简体   繁体   English

在单个列表中删除相似(但不相同)的字符串

[英]Remove similar(but not the same) strings in a single list

I have a list of strings that look like:我有一个看起来像的字符串列表:

my_list = ['https://www.google.com/', 'http://www.google.com/', 
           'https://www.google.com',  'http://www.google.com']

As you can see they are not the same but they all look very similar.如您所见,它们并不相同,但它们看起来都非常相似。

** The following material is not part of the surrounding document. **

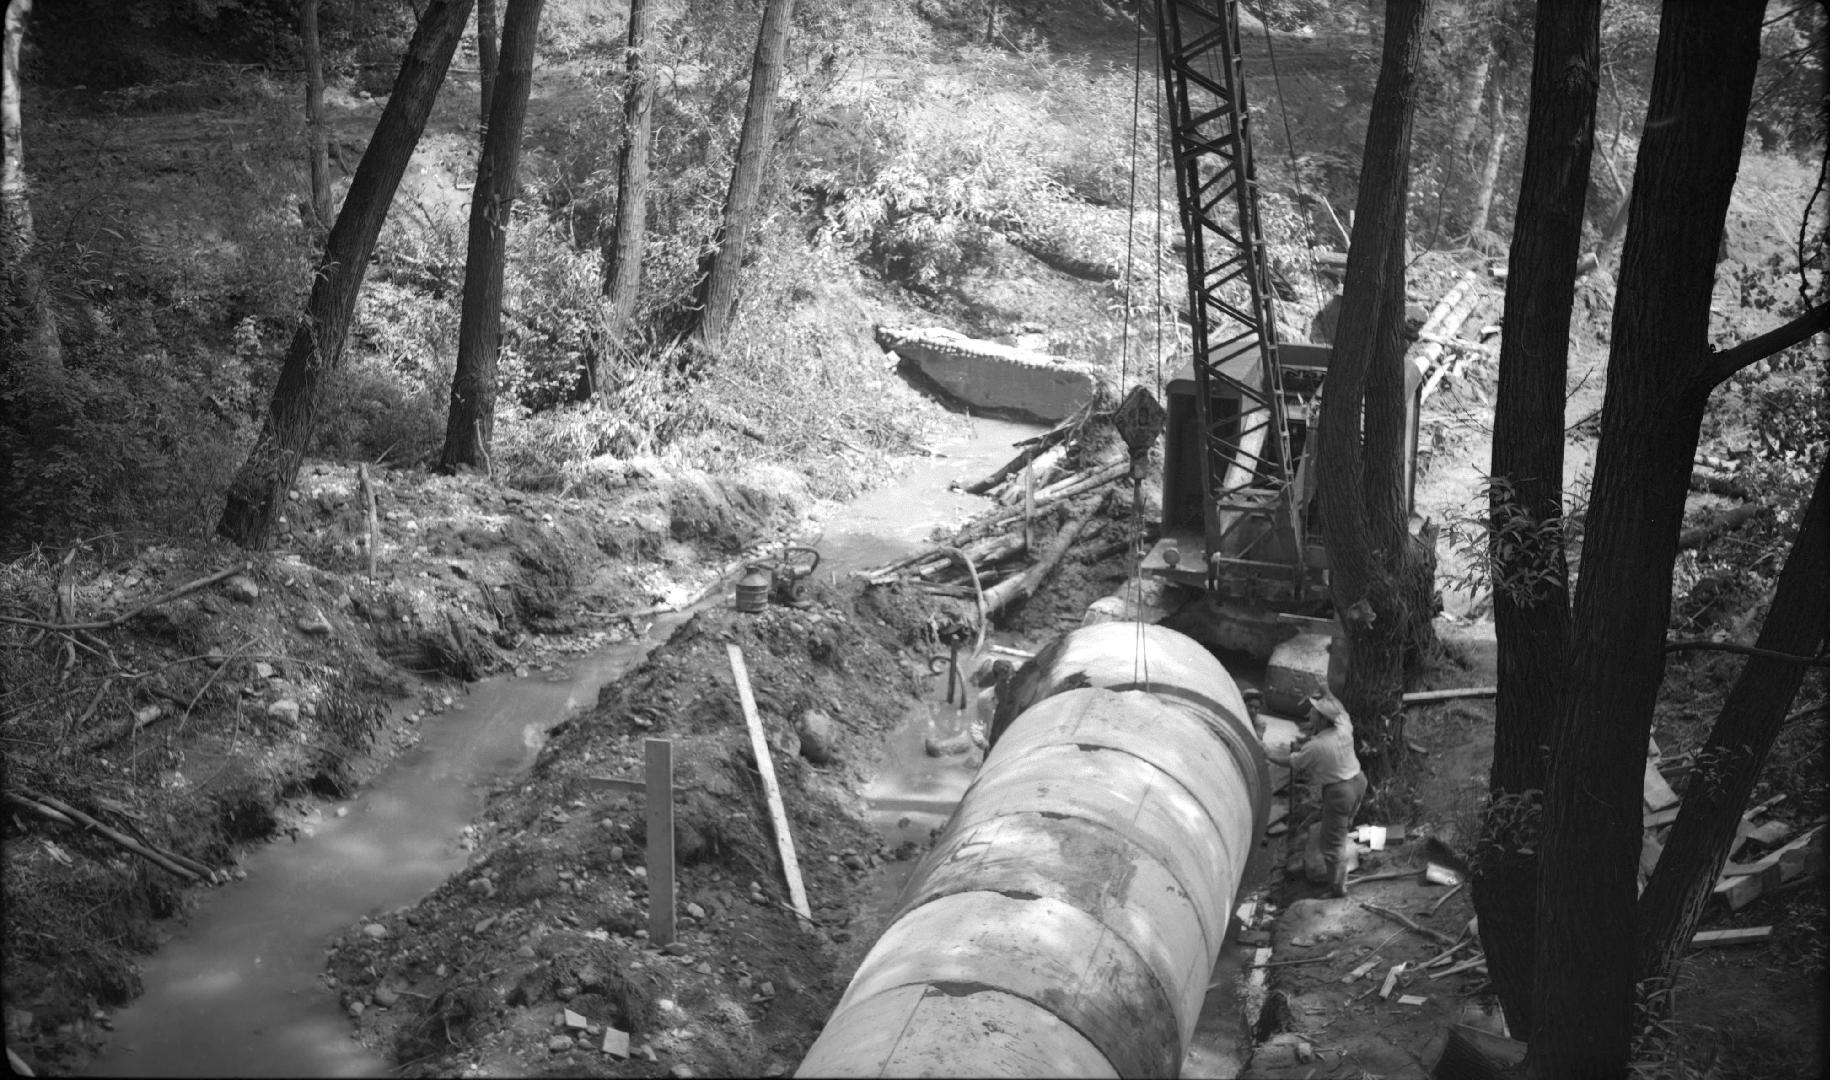 Image shows a few pipes on the ground and some construction equipment.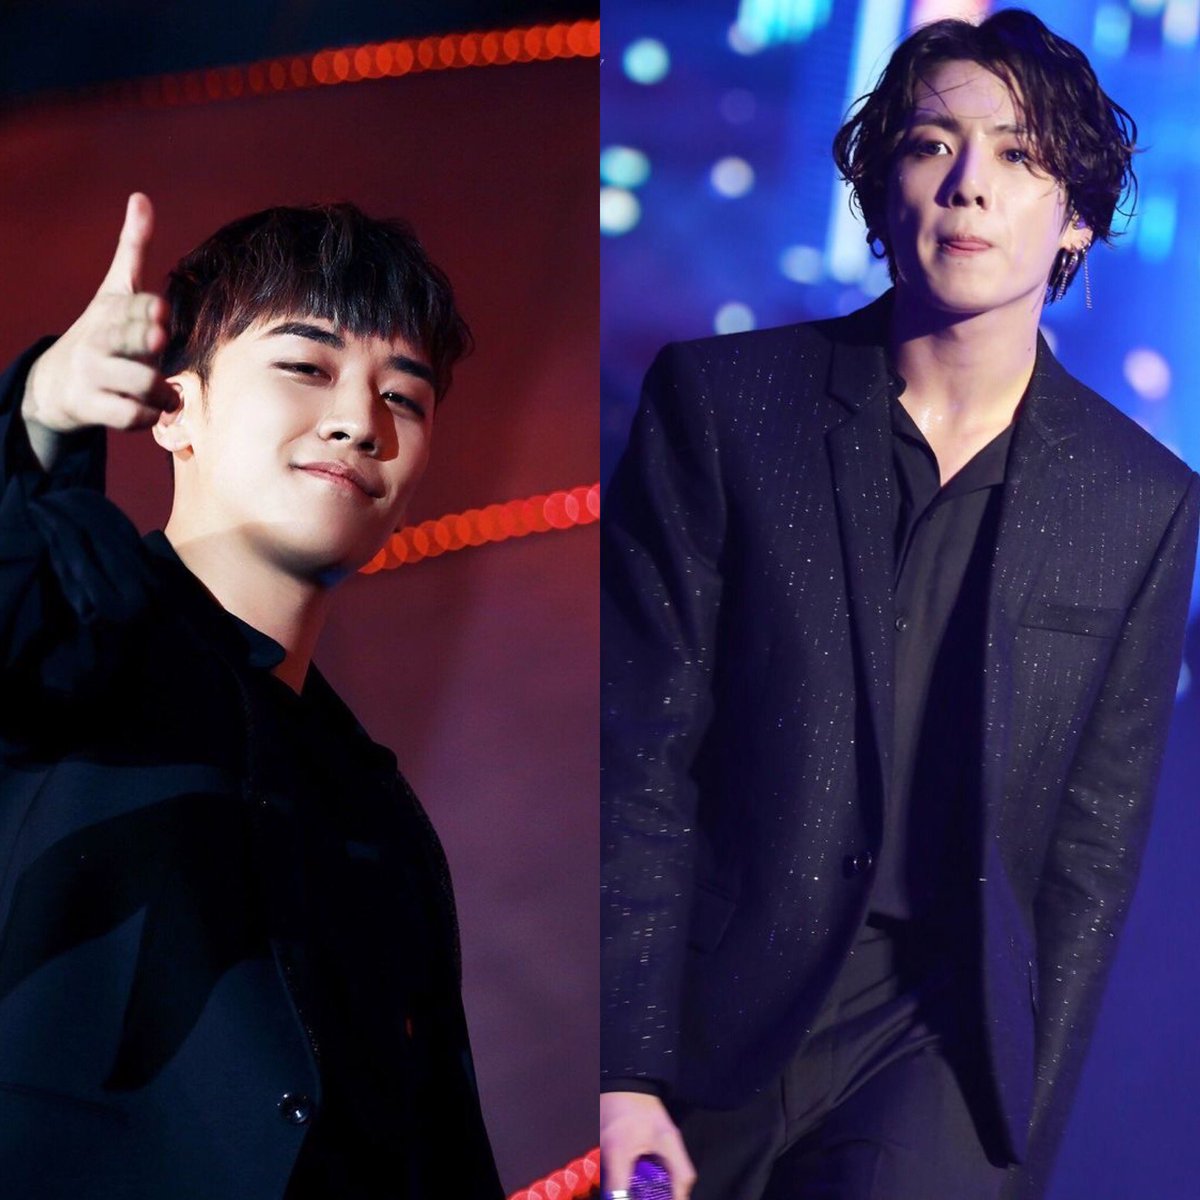 Both Seungri and Jungkook take the “hyung role” whenever the hyungs need maknae

I also have a function which is:我还有一个功能是:

from fuzzywuzzy import fuzz

def similar(a, b):
    return fuzz.ratio(a,b)

I want to use this functions and say something like:我想使用这个函数并说一些类似的话:

for a,b in my_list:
    print (a,b)
    if similar(a,b) > 0.95:
        my_list.remove(b)

So I'm trying to remove similar looking strings from a list if they are above a certain similarity ratio.所以我试图从列表中删除相似的字符串,如果它们高于某个相似率。 I want to do this so that in this list I would end up with just the first url, in this case my_list would end up being:我想这样做,以便在这个列表中我最终只得到第一个 url,在这种情况下my_list最终会是:

my_list = ['https://www.google.com/']

After doing some googling, I found fuzzywuzzy has an inbuilt function which is pretty great.在进行了一些谷歌搜索之后,我发现 Fuzzywuzzy 有一个非常棒的内置功能。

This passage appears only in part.